Background technology
In common lab, the allelic authentication method of TAP mainly contains restriction fragment length polymorphism analysis (PCR-RFLP) at present, sequence specific primers method (PCR-SSP) etc.
1)PCR-RFLP
Cardinal principle: the different segments of utilizing special digestion with restriction enzyme mutational site to produce, through the dimorphism of agarose gel electrophoresis judgement base.
Main experiment flow:
It is disconnected that pcr amplification target gene fragment → special digestion with restriction enzyme → agarose gel electrophoresis separates the enzyme section.
Experimental defects:
1. experimental procedure is more loaded down with trivial details.
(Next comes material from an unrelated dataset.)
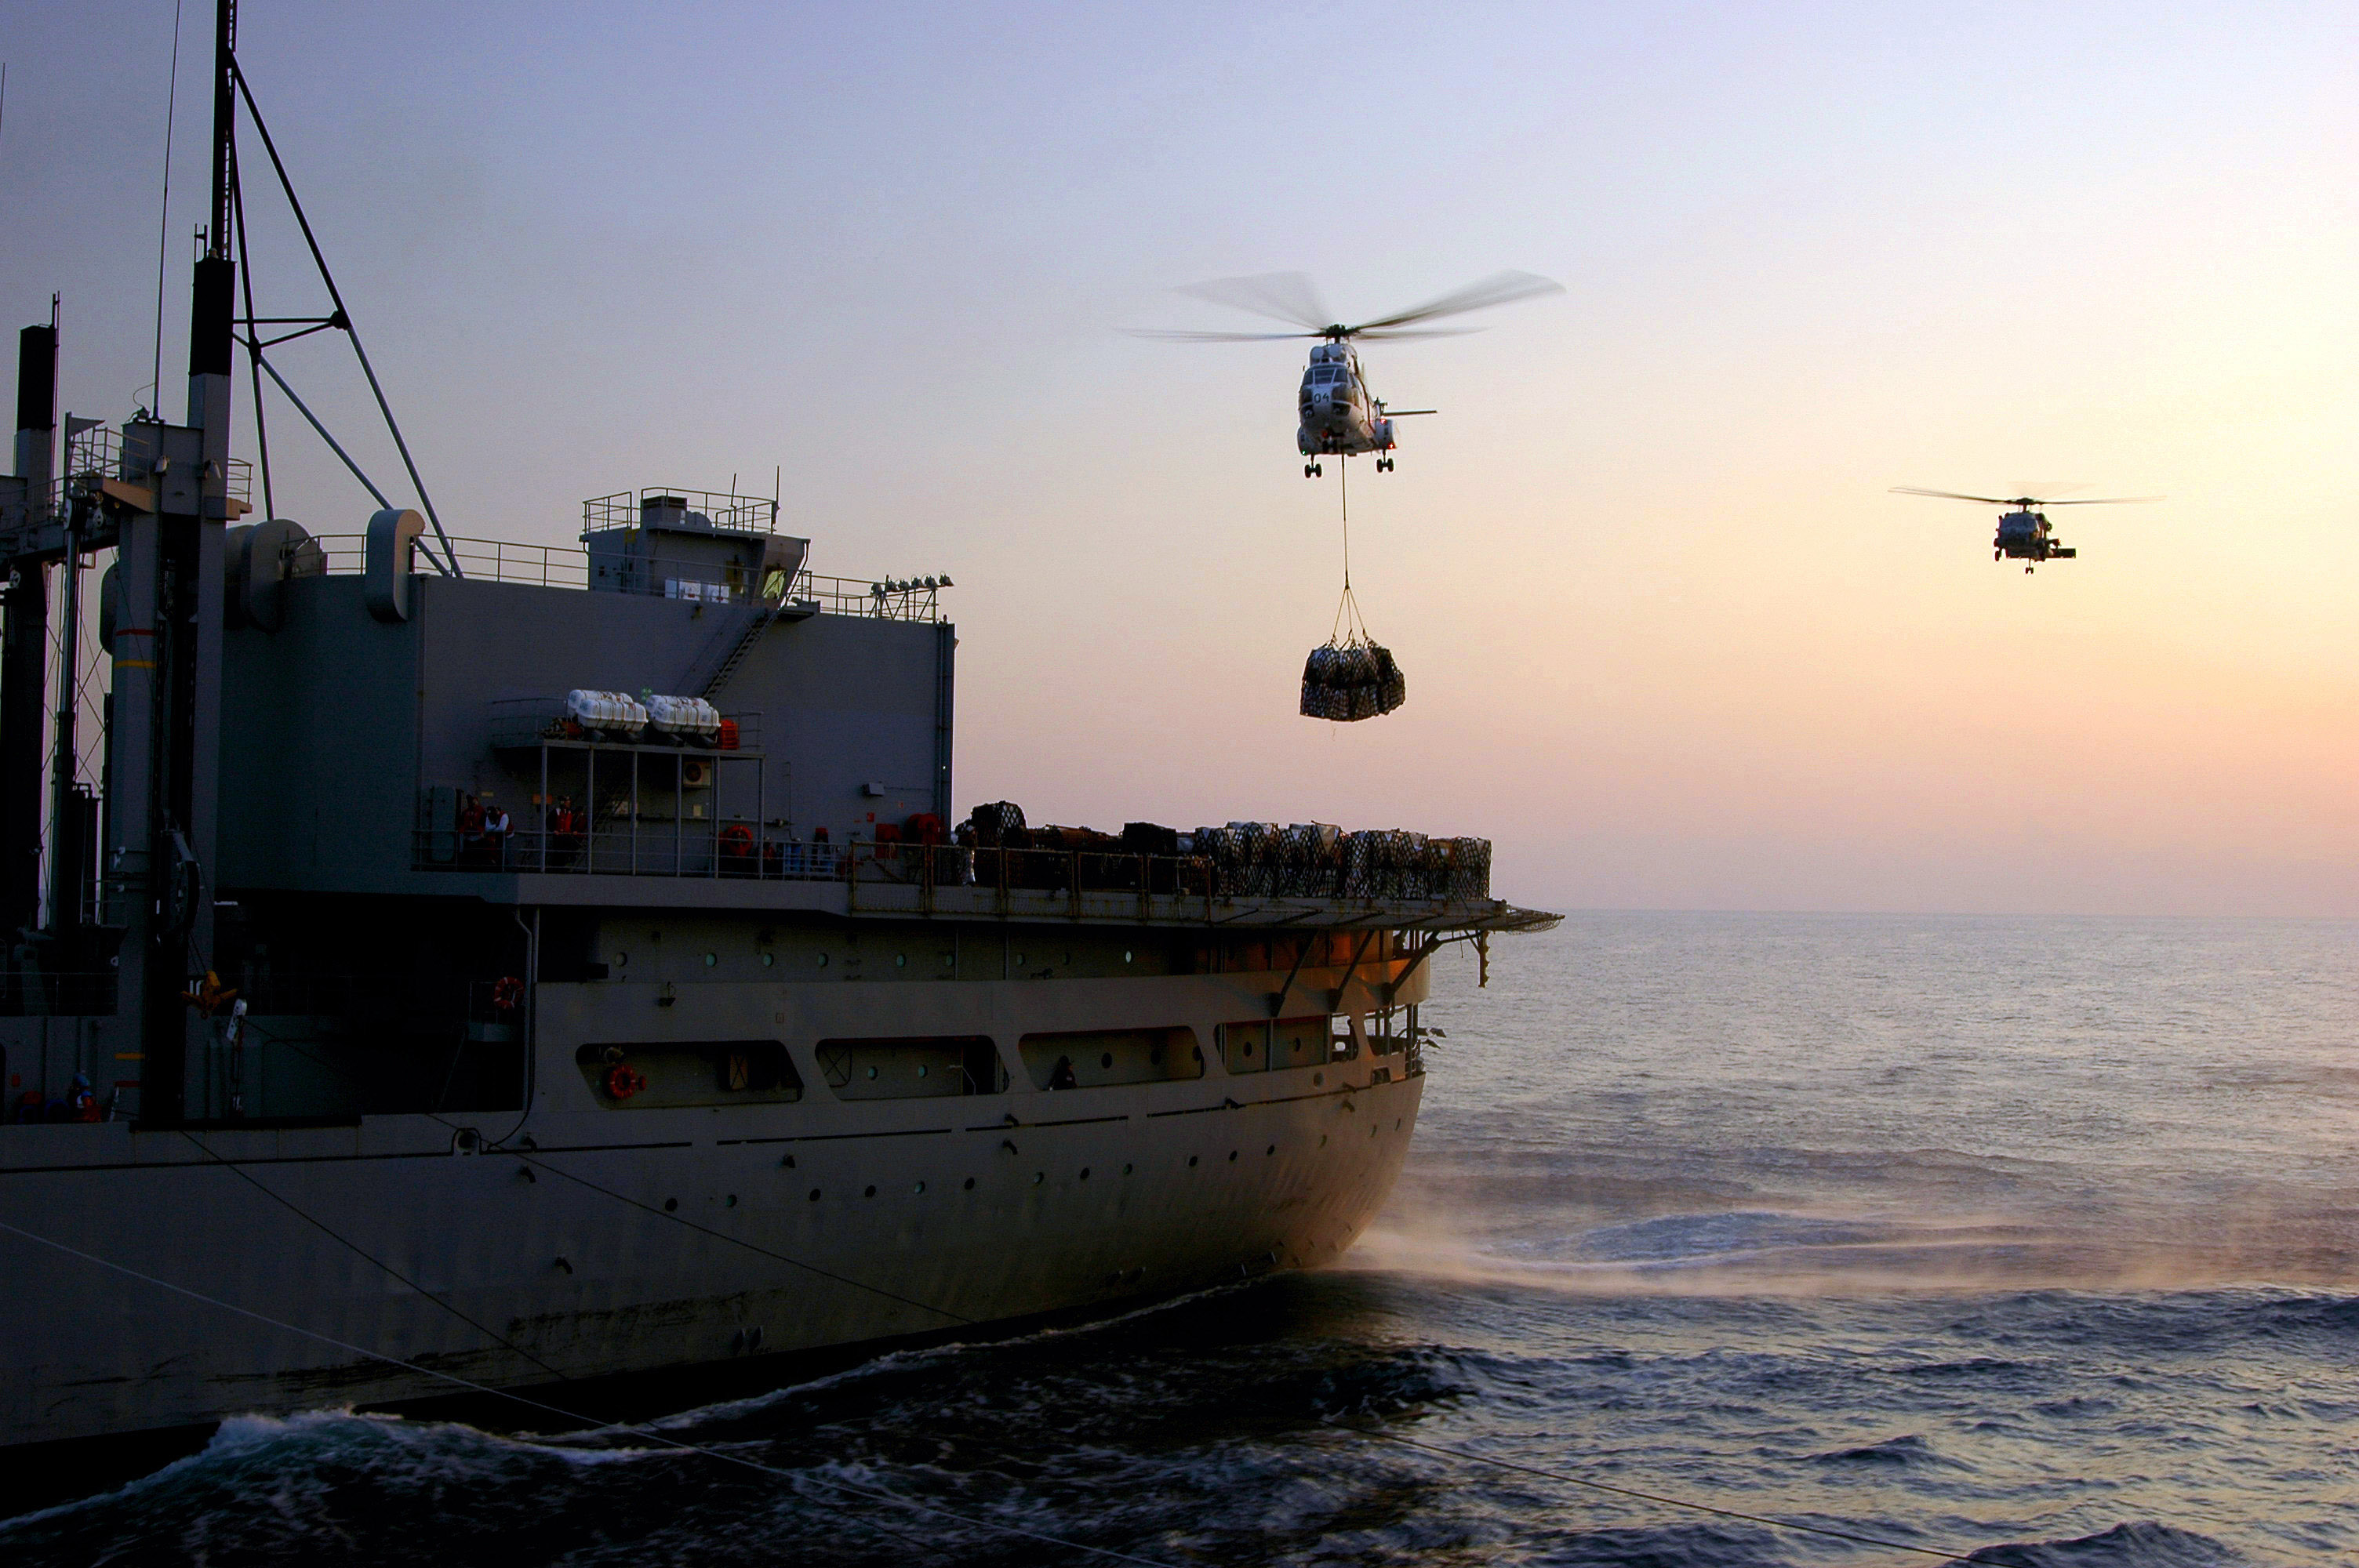 US Navy 061130-N-0490C-004 An SA-330 Puma helicopter assigned to Military Sealift Command (MSC) combat stores ship USNS Spica (T-AFS 9) moves supplies during a vertical replenishment (VERTREP)
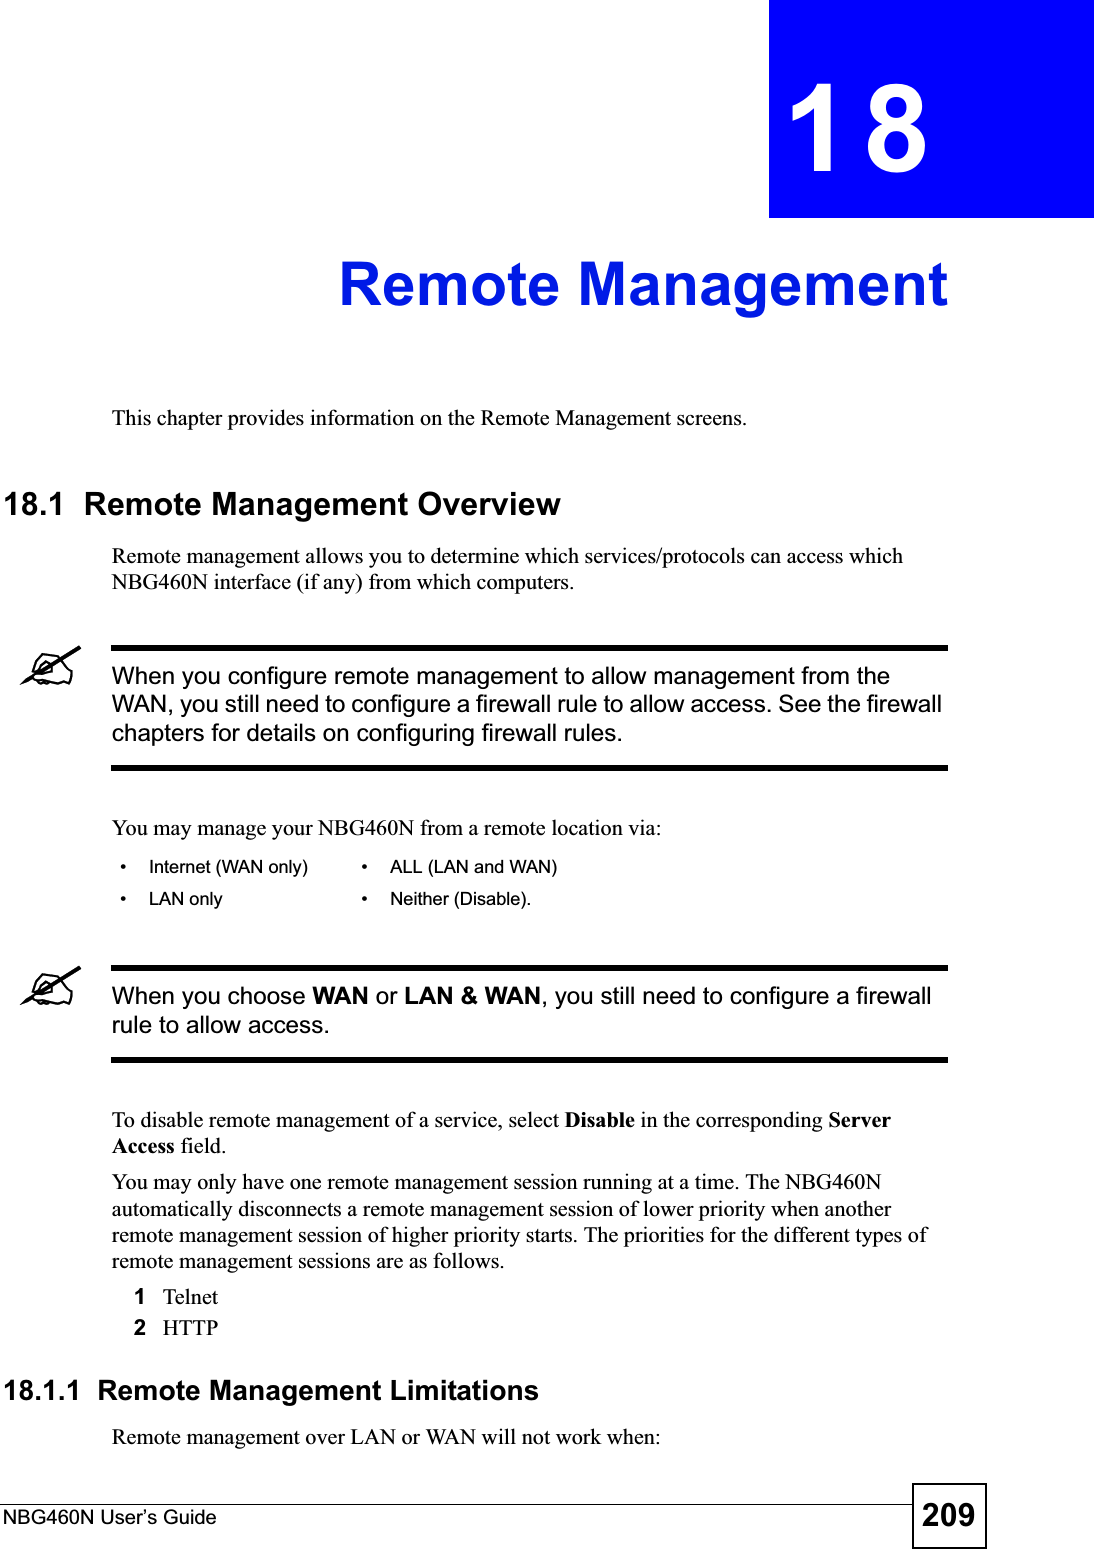 NBG460N User’s Guide 209CHAPTER 18Remote ManagementThis chapter provides information on the Remote Management screens. 18.1  Remote Management OverviewRemote management allows you to determine which services/protocols can access which NBG460N interface (if any) from which computers.&quot;When you configure remote management to allow management from the WAN, you still need to configure a firewall rule to allow access. See the firewall chapters for details on configuring firewall rules.You may manage your NBG460N from a remote location via:&quot;When you choose WAN or LAN &amp; WAN, you still need to configure a firewall rule to allow access.To disable remote management of a service, select Disable in the corresponding Server Access field.You may only have one remote management session running at a time. The NBG460N automatically disconnects a remote management session of lower priority when another remote management session of higher priority starts. The priorities for the different types of remote management sessions are as follows.1Telnet2HTTP18.1.1  Remote Management LimitationsRemote management over LAN or WAN will not work when:• Internet (WAN only) • ALL (LAN and WAN)• LAN only • Neither (Disable).

2. and the TAP gene form by TAP1 and TAP2, TAP1 has 13 SNP (SNP) sites and a special base deletion, TAP2 has 8 SNP sites.So will increase 21 times during through all SNP of PCR-RFLP inspection TAP, enzyme is cut 22 times, and then carries out gel electrophoresis.Workload is huge, is prone to the experiment mistake.
3. can not identify pure heterozygote situation.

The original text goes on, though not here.